Created Homelessness

In the last 50 years no social housing has been developed in Pakistan except for small schemes by community organizations and NGOs which are not even a drop in the ocean. Grand plans made by the People’s Party and the PML-N governments during their tenures did not materialize.

So one is forced to ask as to how the poor manage to house themselves?

This process in Karachi has been well-documented. Comparatively cheap land is available on the city’s fringe. Living there is unaffordable because of costs involved in traveling to work, absence of education and health facilities, and work for women. As a result the old katchi abadis, which are within or nearer to places of work have densified and so have the houses along the nala. Densification is achieved by building upwards, increasing the number of families in one house, or simply moving part of the family onto the street. The more ecologically dangerous places have the cheapest land and so most of the poorest families live in areas subject to flooding or landslides.

There was a time when katchi abadi residents were confident that their settlements would be regularized. However, for the past 15-20 years the regularization process has been abandoned and under the 2014 Sindh Special Development Board Act, katchi abadis can be handed over to developers for demolition and multi-story reconstruction on “modern” lines. Infrastructure projects have also displaced over 200,000 people in the last decade as a result most displaced families are heavily in debt and their children out of school. This has led to extreme insecurity in all low-income settlements in Karachi which is a major impediment to upward mobility.

As a result of the 2020 floods the government has decided to bulldoze about 12,000 homes along three nalas(demolition along other nalas will follow) who they claim are disrupting the flow of water. In addition, 2948 commercial units are also to be removed.

There are a number of issues that arise out of this situation. The houses being demolished almost always contain more than one family but compensation is being paid per house. Then the notice given for demolition is too short. These houses have been built over time and have been financed primarily by women through BC committees, savings from household expenses, and sale of dowry items such as jewelry. Once demolished the owners have no place to store usable items from their rubble or space to cook so many families stay hungry. Given COVID and inflation, and a change of culture, moving in with friends and relatives is no longer an option. Meanwhile, rents have increased due to inflation and a six-month advance is demanded by landlords. The money offered by the government is not even a small fraction of what is required even for renting purposes.

These low income settlements have an economy that serves the local population and generates jobs. By the removal of commercial activity, this economy and the population it serves are adversely affected.

Surveys of the affected population show that most of them have either lost their jobs or their businesses have suffered due to COVID. In most cases one finds one family of six to eight persons living in one room and often one toilet seat for 20 persons. These conditions are enough to shame any Pakistani with a minimum of conscience. With the construction of ML1 (the rail link between Karachi and Islamabad), evictions will increase manifold and will take place all over Pakistan.

One is forced to ask if infrastructure projects have to create homelessness, loss of jobs, debt, and out-of-school children?
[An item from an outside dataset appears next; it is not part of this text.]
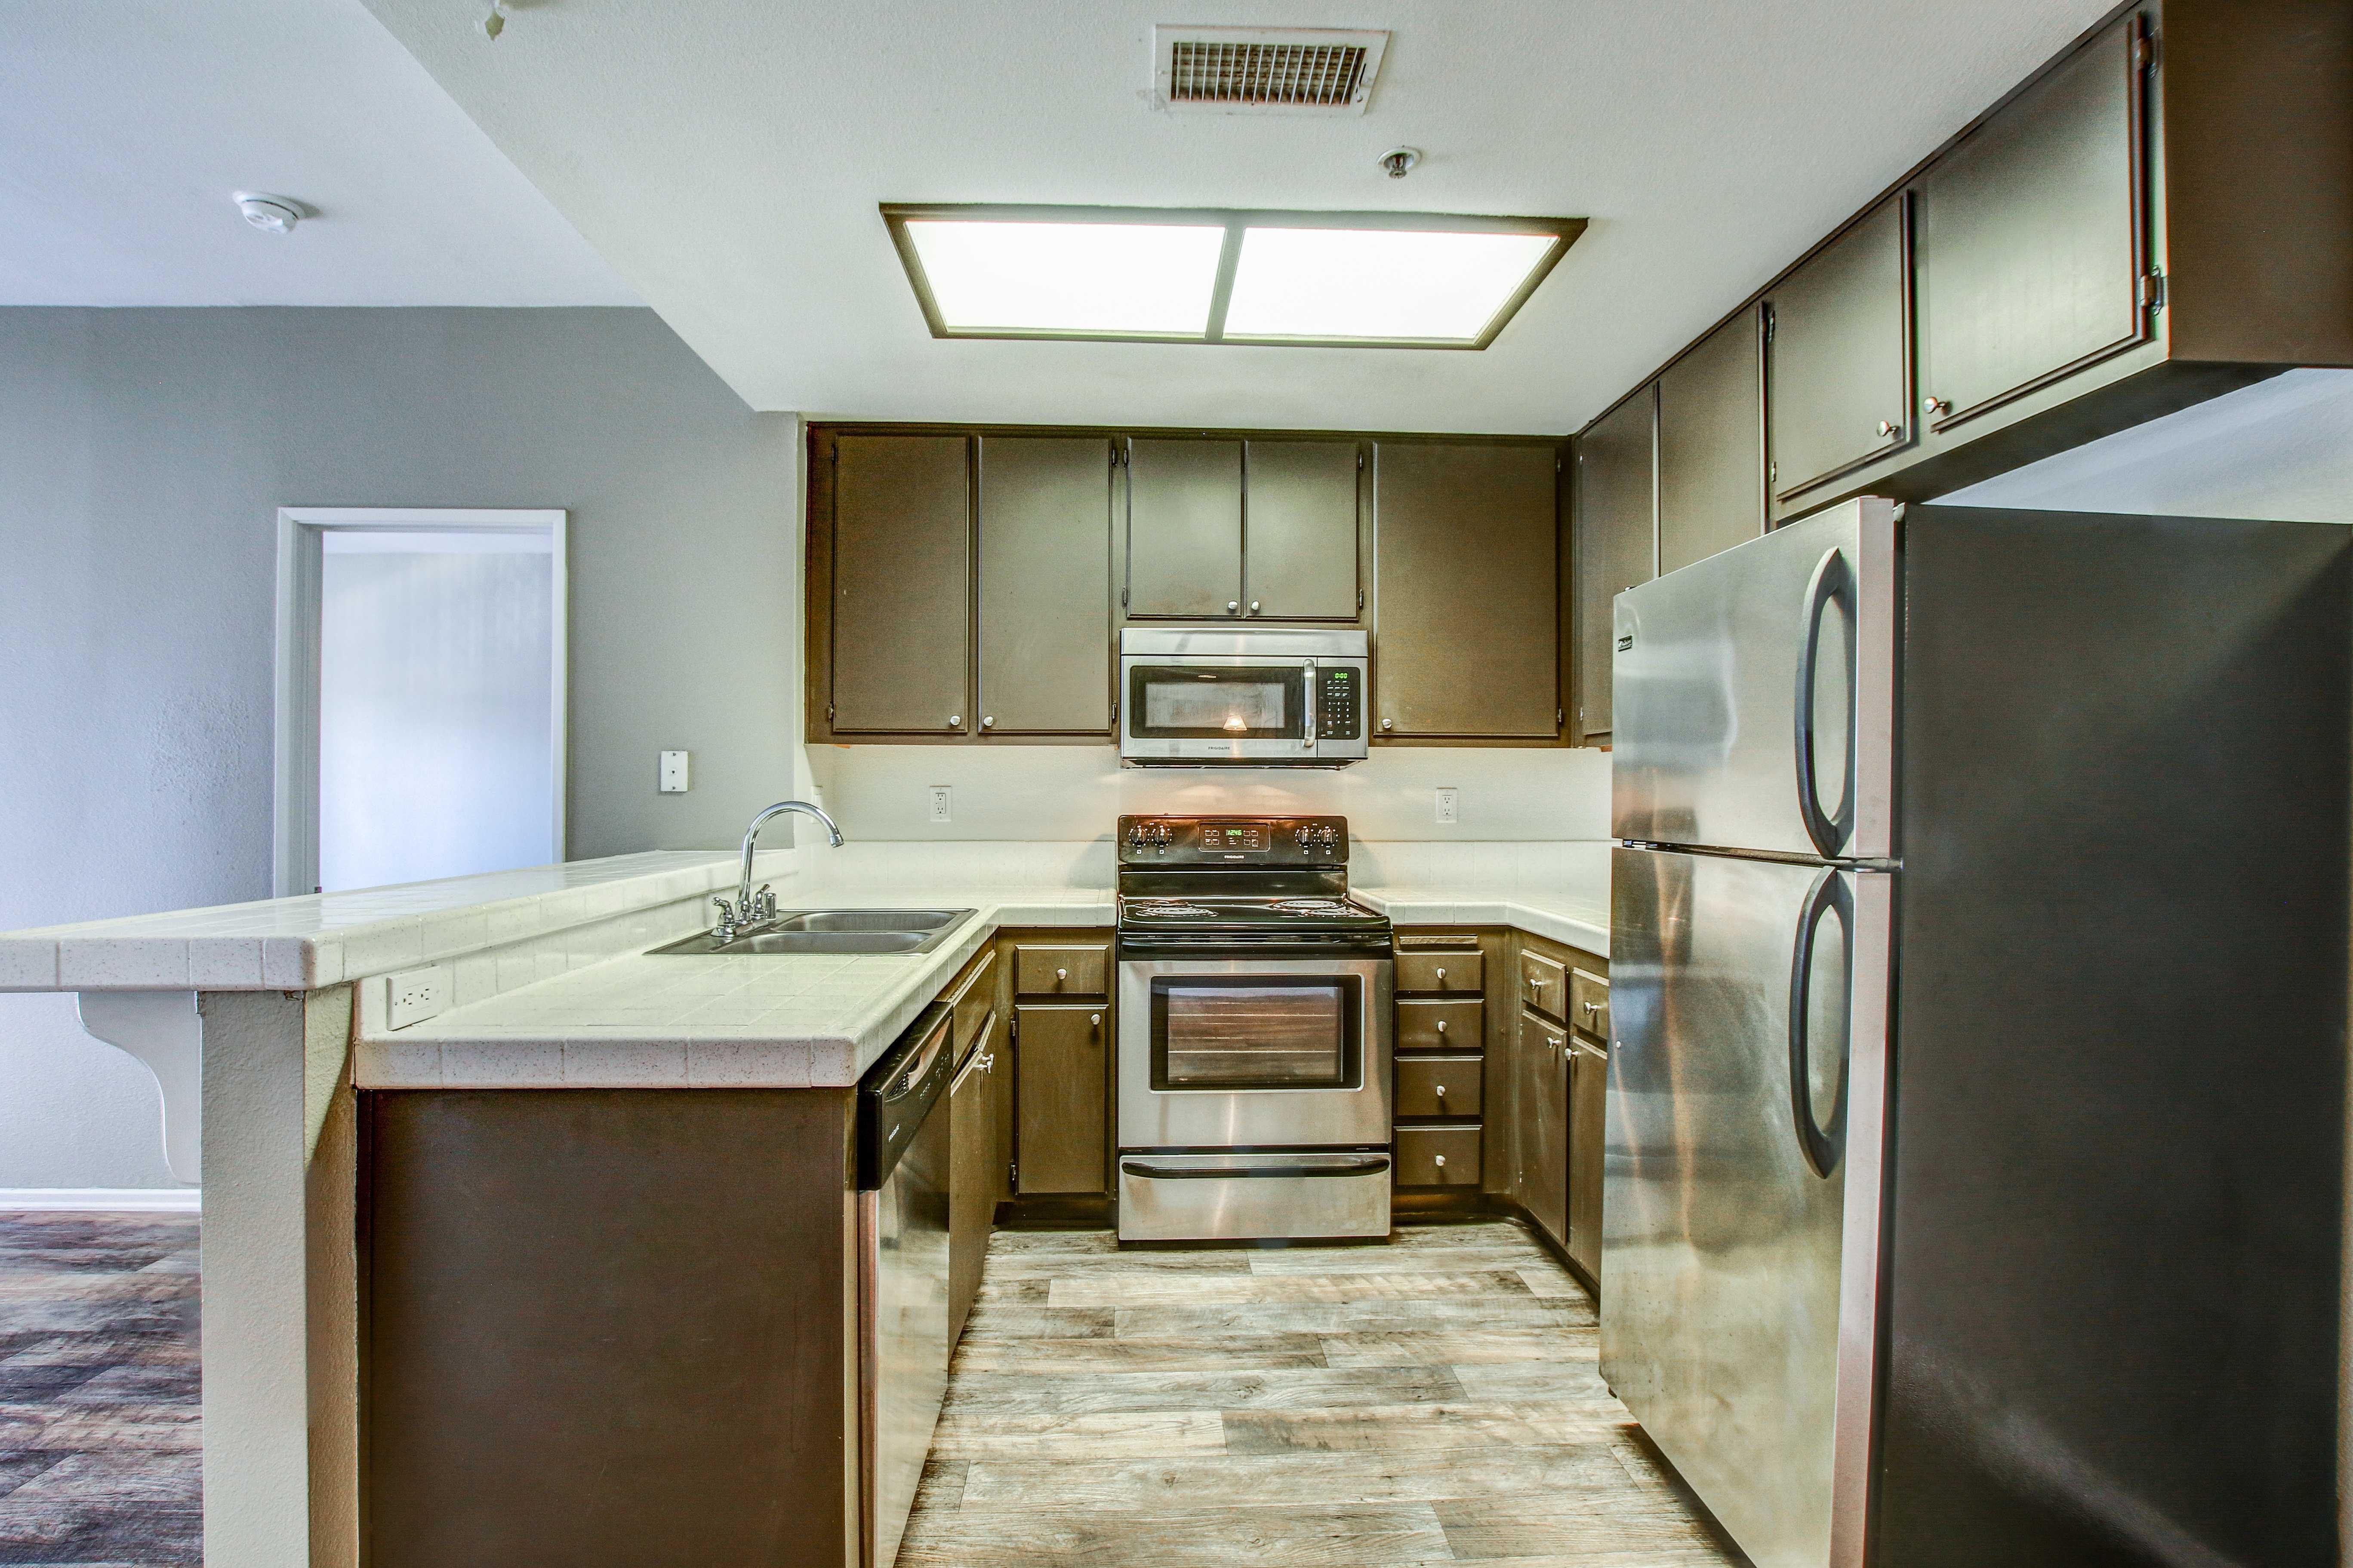 Modern kitchen at apartments in San Diego, California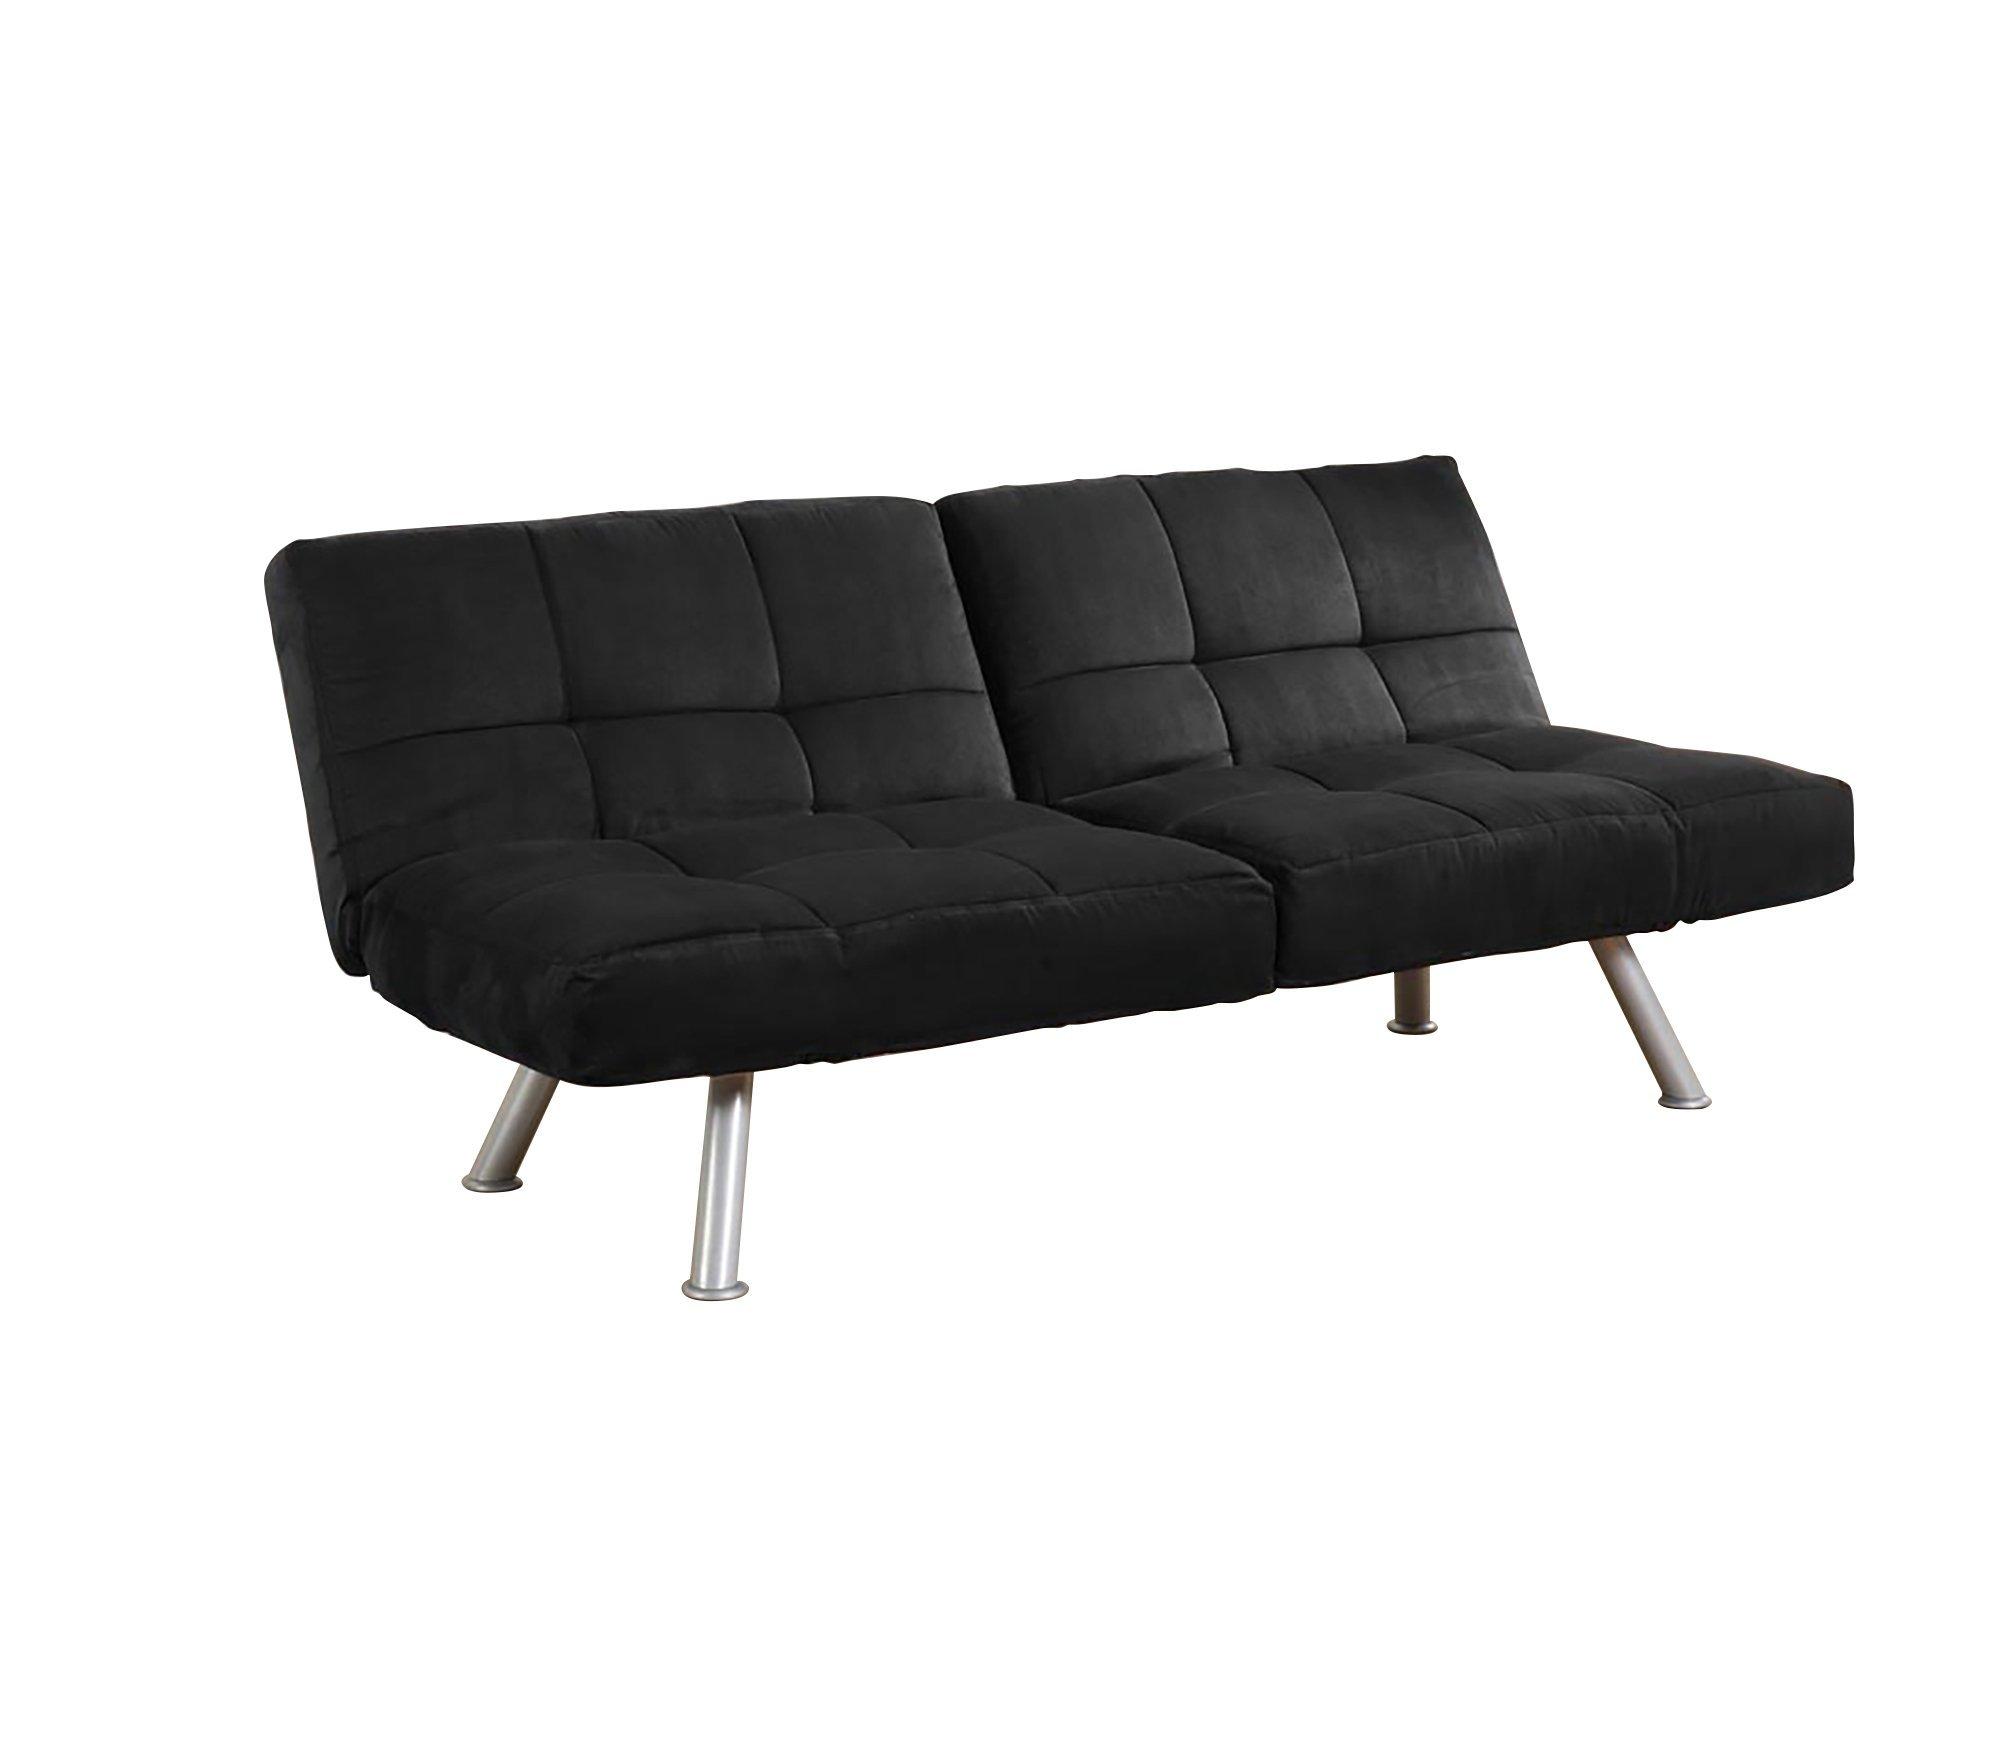 like american bk black leather sundown freight couch plush bed futon sofa

The construction of the Malir Expressway is demolishing 24 old goths including archeological sites, water reservoirs, and green cover. In the opinion of some experts, there could have been an alignment whereby these goths remained unaffected.

It is imperative that in the future, infrastructure projects should aim at minimizing evictions and that either lump sum compensation or a housing alternative is offered to the affected population.This should be a part of the government’s current housing programme. For instance, the families whose homes were demolished on the KCR’s right of way are both poor and homeless. Their rehabilitation and of others affected by infrastructure projects, at a modest estimate, would be for well over 1 million households in Pakistan. Imran Khan does not have to look for the poor. They are staring him in his face and you cannot punish people for the government’s own failures.

The present demolitions are a watershed in Pakistan’s history. They have been supported by Supreme Court judgments. There has been no effective civil society movement opposing them. They are not a hot subject for the media, human rights organizations, or political parties. Meanwhile illegal construction by the elites of this country is routinely regularized. It seems that we are happy being an apartheid state.

Published in the Daily Dawn on the 16th of March 2021

One Comment

  1. The interests and needs of the poor are clearly not considered important. One even wonders if part of the rationale for such an approach is the hope of not removing poverty, but removing the poor from the city.